Turk J Haematol. 2017 Aug 2;34(3):258-263. doi: 10.4274/tjh.2016.0427. Epub 2017 Jan 25.
β-Thalassemia is the most common inherited disorder in Azerbaijan. The aim of our study was to reveal genotype-to-phenotype correlations of the most common β-thalassemia mutations in an Azerbaijani population. Patients with codon 8 (-AA), IVS-I-6 (T>C), and IVS-II-1 (G>A) mutations, which are reportedly the most common β-globin gene mutations among the local population, were tested for hematologic parameters. Fifty-five previously tested patients with known genotypes were included in the study. Hematologic indices and hemoglobin fractions were tested in order to reveal the phenotypic manifestation of the mutations. The results obtained indicate that clinical presentation varies between different β-globin gene mutations: individuals with IVS-I-6 (T>C) mutations showed milder presentation than those with codon 8 (-AA) and IVS-II-1 (G>A), which is associated with the molecular basis of the mutations. These data can be of assistance to predict clinical presentation and select the best possible therapeutic approach via early genotype identification.

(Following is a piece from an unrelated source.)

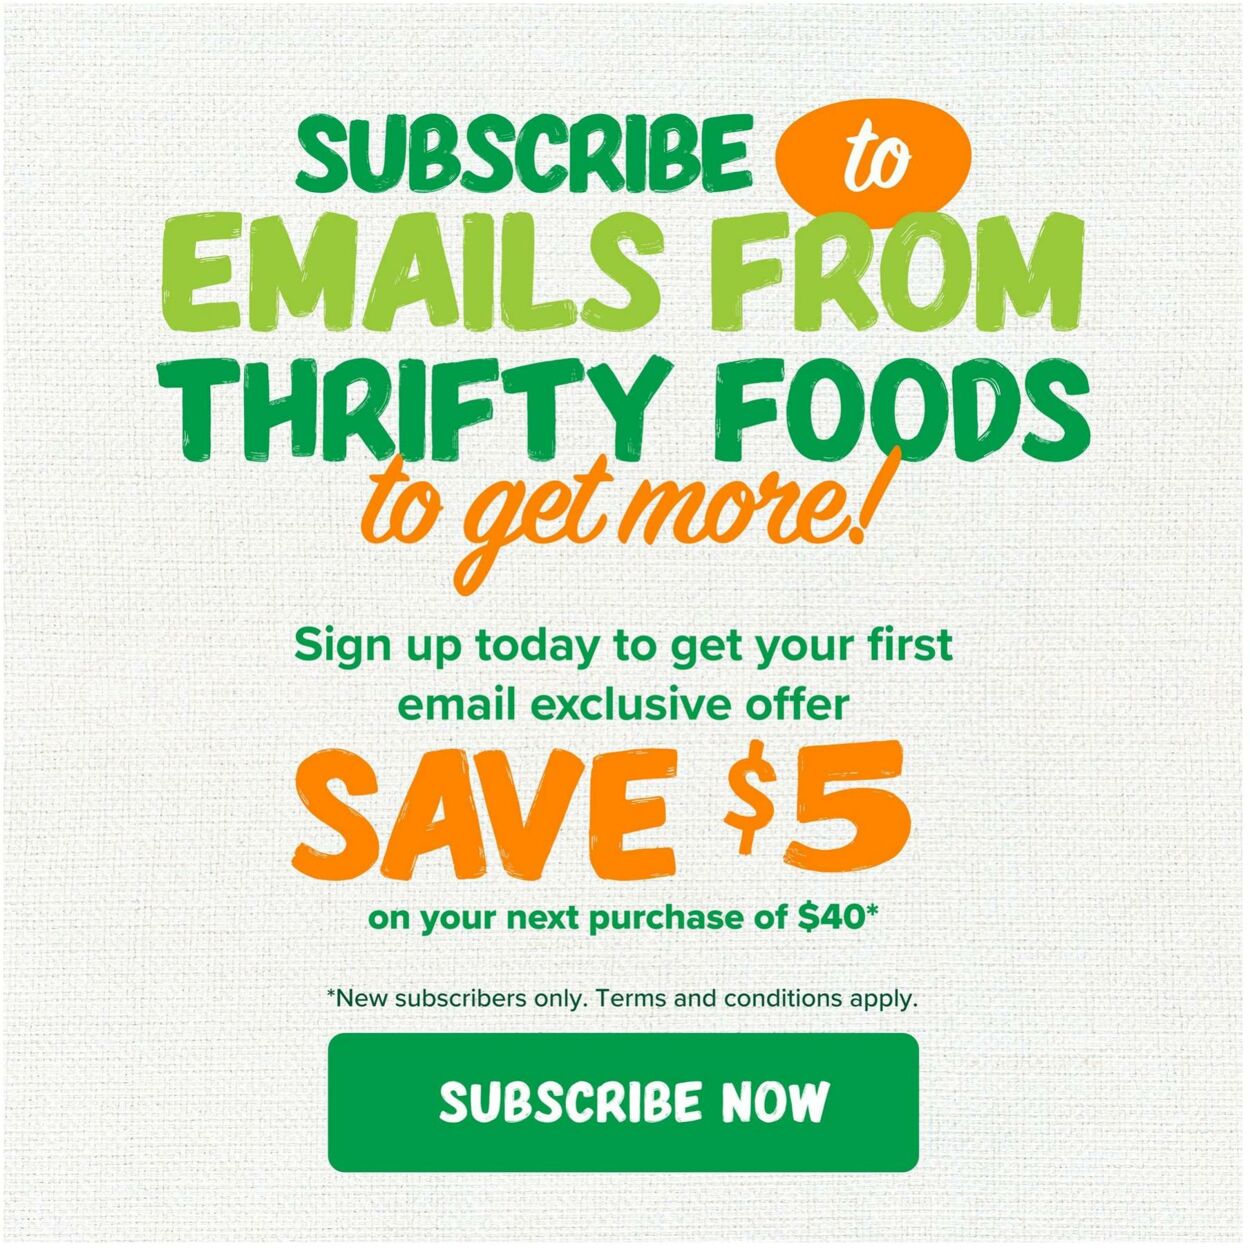 Circulaire Thrifty Foods 18.01.2024 - 24.01.2024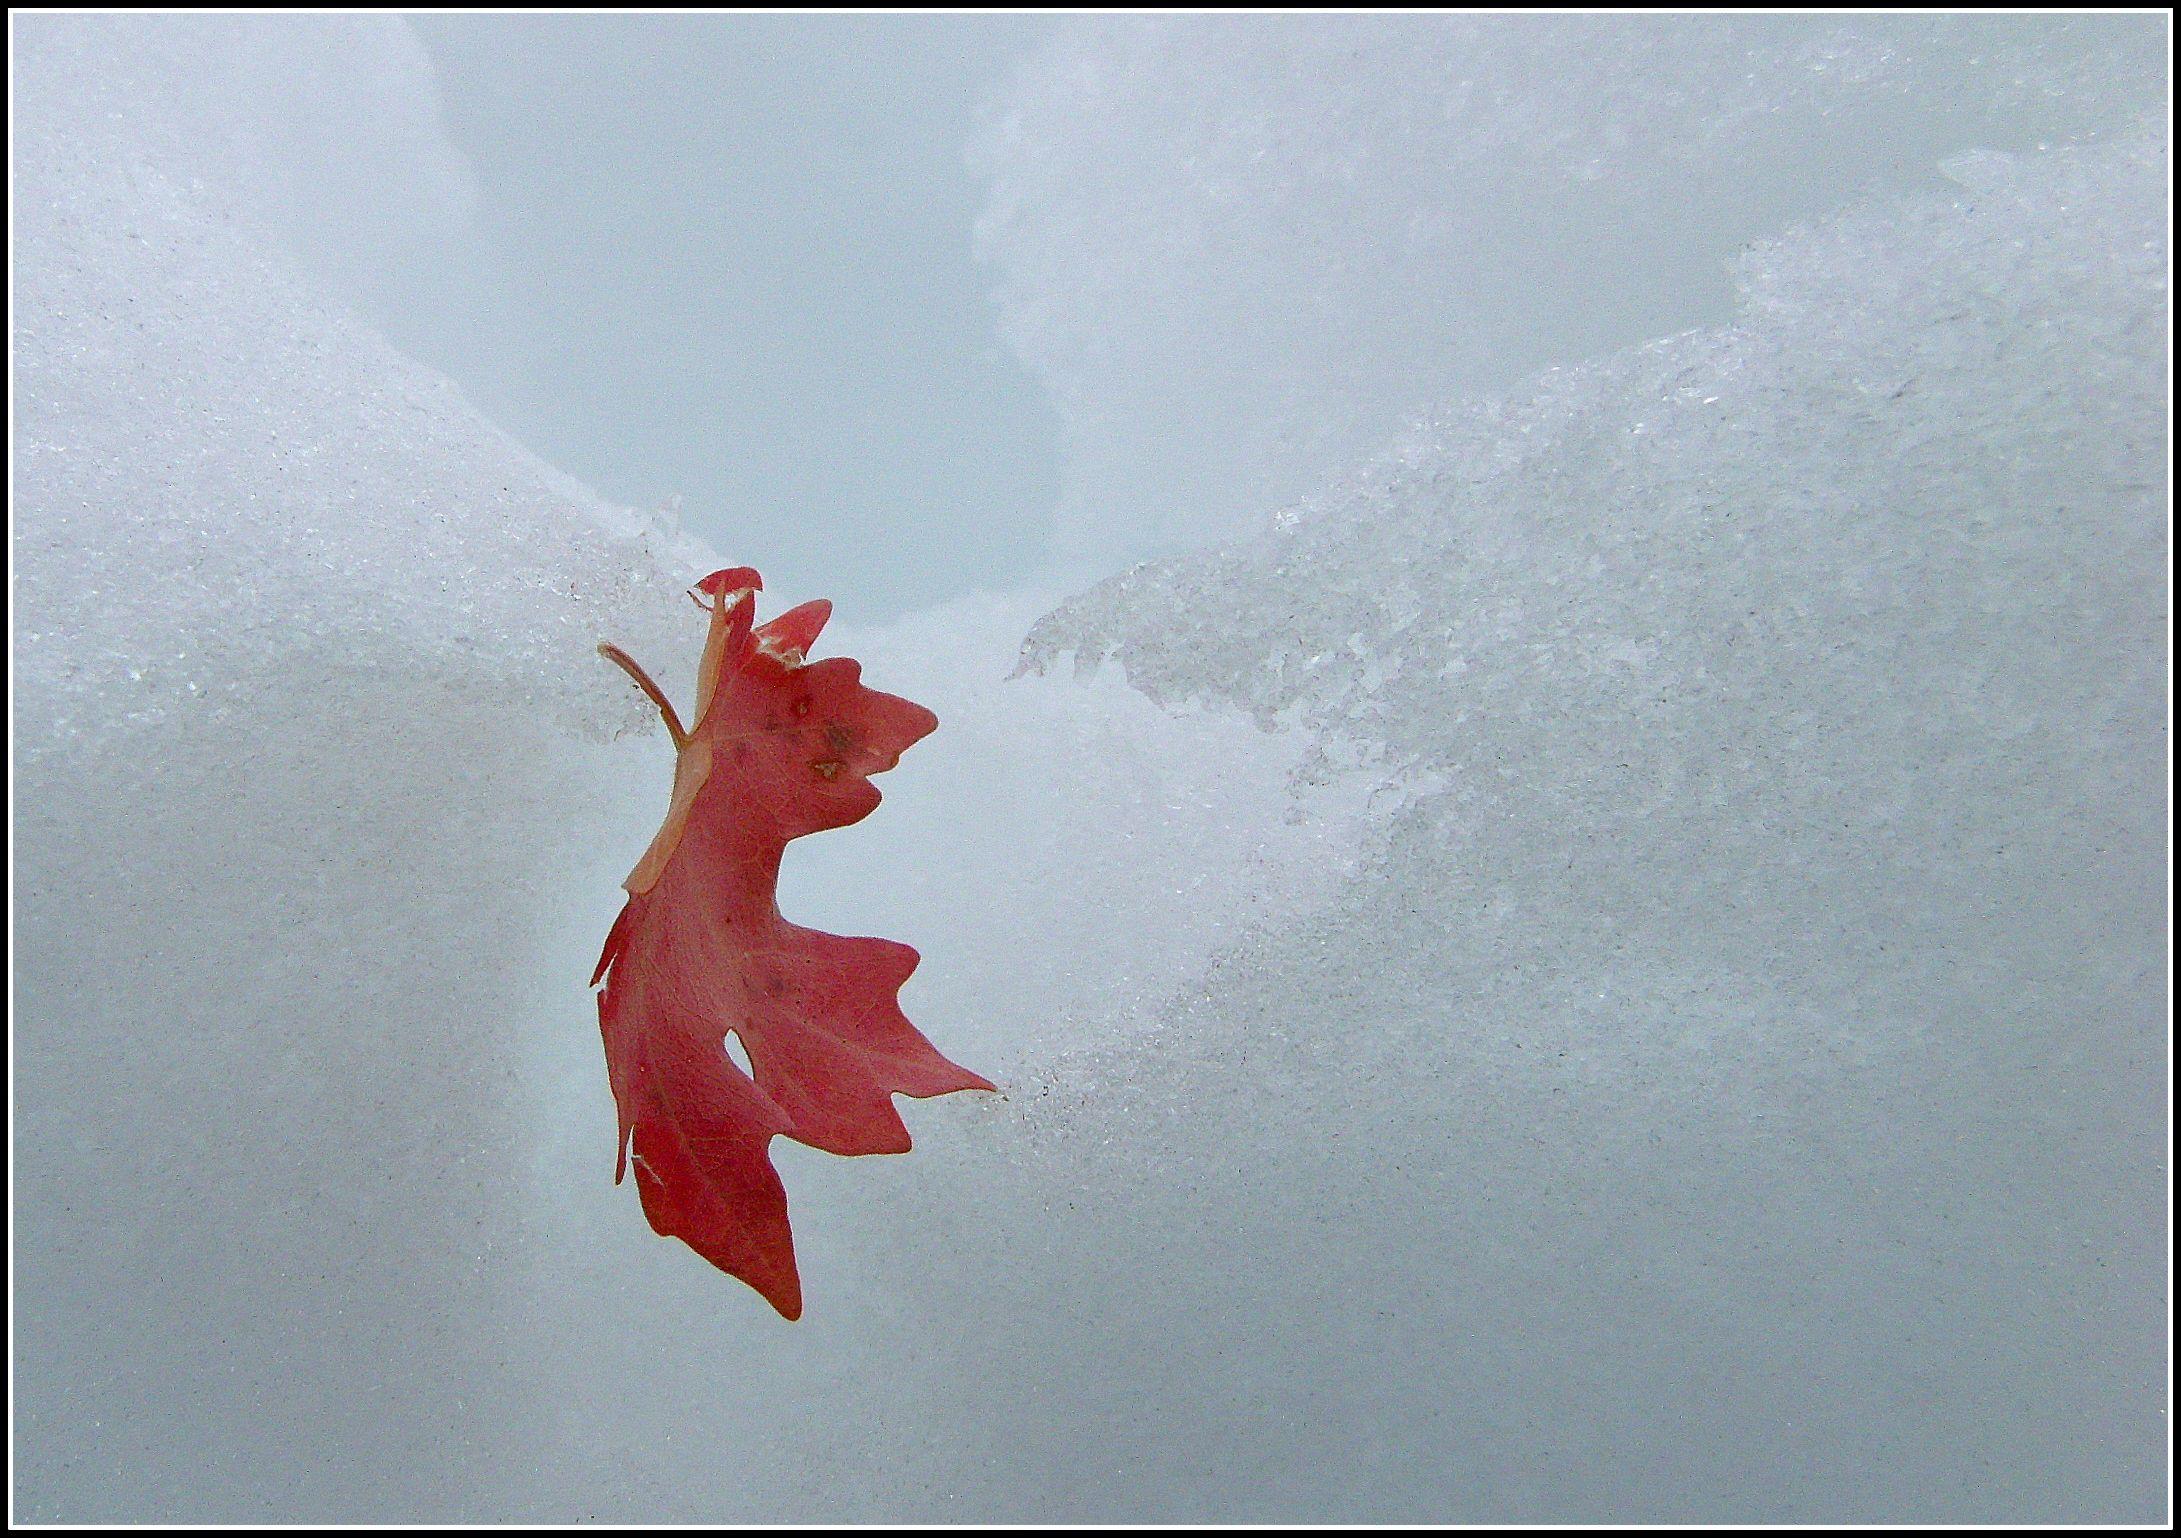 Red Maple Leaf of a Word Logo - Maple leaf in snow | Scott's Place...Images and Words

β地中海贫血是阿塞拜疆最常见的遗传性疾病。我们研究的目的是揭示阿塞拜疆人群中最常见的β地中海贫血突变的基因型与表型的相关性。对据报道在当地人群中最常见的β珠蛋白基因突变——密码子8(-AA)、IVS-I-6(T>C)和IVS-II-1(G>A)突变的患者进行了血液学参数检测。55名先前已检测出已知基因型的患者被纳入研究。检测血液学指标和血红蛋白组分以揭示突变的表型表现。获得的结果表明,不同的β珠蛋白基因突变之间临床表现存在差异:IVS-I-6(T>C)突变的个体表现比密码子8(-AA)和IVS-II-1(G>A)突变的个体更轻,这与突变的分子基础有关。这些数据有助于通过早期基因型鉴定预测临床表现并选择最佳治疗方法。